• The problem
Find the line with "Restaurant Decor Mexican" in the entries below, then reproduce it and every line after it down to and including the line with "Brilliant High Waist Skinny Jeans", exactly.

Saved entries

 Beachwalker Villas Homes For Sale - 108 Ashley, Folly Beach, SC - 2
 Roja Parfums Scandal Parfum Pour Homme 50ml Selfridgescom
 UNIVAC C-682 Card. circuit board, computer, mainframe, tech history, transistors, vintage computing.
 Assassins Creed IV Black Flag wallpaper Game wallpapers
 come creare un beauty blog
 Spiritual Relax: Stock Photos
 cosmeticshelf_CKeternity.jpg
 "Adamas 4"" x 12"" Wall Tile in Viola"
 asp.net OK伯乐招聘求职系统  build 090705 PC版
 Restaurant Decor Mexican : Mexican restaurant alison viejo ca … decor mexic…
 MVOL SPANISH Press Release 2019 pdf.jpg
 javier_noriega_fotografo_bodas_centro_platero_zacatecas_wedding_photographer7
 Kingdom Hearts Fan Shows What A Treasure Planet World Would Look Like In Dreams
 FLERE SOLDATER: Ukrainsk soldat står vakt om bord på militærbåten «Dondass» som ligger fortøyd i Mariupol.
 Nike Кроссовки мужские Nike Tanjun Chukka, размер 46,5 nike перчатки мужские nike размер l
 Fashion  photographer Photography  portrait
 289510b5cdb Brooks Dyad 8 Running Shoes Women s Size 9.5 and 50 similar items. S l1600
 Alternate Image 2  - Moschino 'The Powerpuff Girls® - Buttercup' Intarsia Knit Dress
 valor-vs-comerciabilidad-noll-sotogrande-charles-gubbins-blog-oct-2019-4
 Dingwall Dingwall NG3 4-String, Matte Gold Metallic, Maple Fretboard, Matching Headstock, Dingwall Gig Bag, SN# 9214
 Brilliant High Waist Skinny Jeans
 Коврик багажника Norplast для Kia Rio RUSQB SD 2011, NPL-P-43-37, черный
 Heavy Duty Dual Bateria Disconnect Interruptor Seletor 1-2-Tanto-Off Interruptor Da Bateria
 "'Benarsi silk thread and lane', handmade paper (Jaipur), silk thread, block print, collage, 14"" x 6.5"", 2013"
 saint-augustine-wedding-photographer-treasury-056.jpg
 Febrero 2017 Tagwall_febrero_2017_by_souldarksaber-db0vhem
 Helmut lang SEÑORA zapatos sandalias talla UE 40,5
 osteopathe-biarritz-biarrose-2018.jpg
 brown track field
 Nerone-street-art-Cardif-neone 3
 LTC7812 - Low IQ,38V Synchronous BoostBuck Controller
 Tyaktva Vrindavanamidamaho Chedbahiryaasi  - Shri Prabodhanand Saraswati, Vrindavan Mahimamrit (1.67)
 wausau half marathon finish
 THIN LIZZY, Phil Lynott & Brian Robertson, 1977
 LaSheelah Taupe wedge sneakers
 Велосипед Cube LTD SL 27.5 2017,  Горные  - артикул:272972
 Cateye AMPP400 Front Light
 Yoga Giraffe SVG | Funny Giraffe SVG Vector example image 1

• Result of the task
 Restaurant Decor Mexican : Mexican restaurant alison viejo ca … decor mexic…
 MVOL SPANISH Press Release 2019 pdf.jpg
 javier_noriega_fotografo_bodas_centro_platero_zacatecas_wedding_photographer7
 Kingdom Hearts Fan Shows What A Treasure Planet World Would Look Like In Dreams
 FLERE SOLDATER: Ukrainsk soldat står vakt om bord på militærbåten «Dondass» som ligger fortøyd i Mariupol.
 Nike Кроссовки мужские Nike Tanjun Chukka, размер 46,5 nike перчатки мужские nike размер l
 Fashion  photographer Photography  portrait
 289510b5cdb Brooks Dyad 8 Running Shoes Women s Size 9.5 and 50 similar items. S l1600
 Alternate Image 2  - Moschino 'The Powerpuff Girls® - Buttercup' Intarsia Knit Dress
 valor-vs-comerciabilidad-noll-sotogrande-charles-gubbins-blog-oct-2019-4
 Dingwall Dingwall NG3 4-String, Matte Gold Metallic, Maple Fretboard, Matching Headstock, Dingwall Gig Bag, SN# 9214
 Brilliant High Waist Skinny Jeans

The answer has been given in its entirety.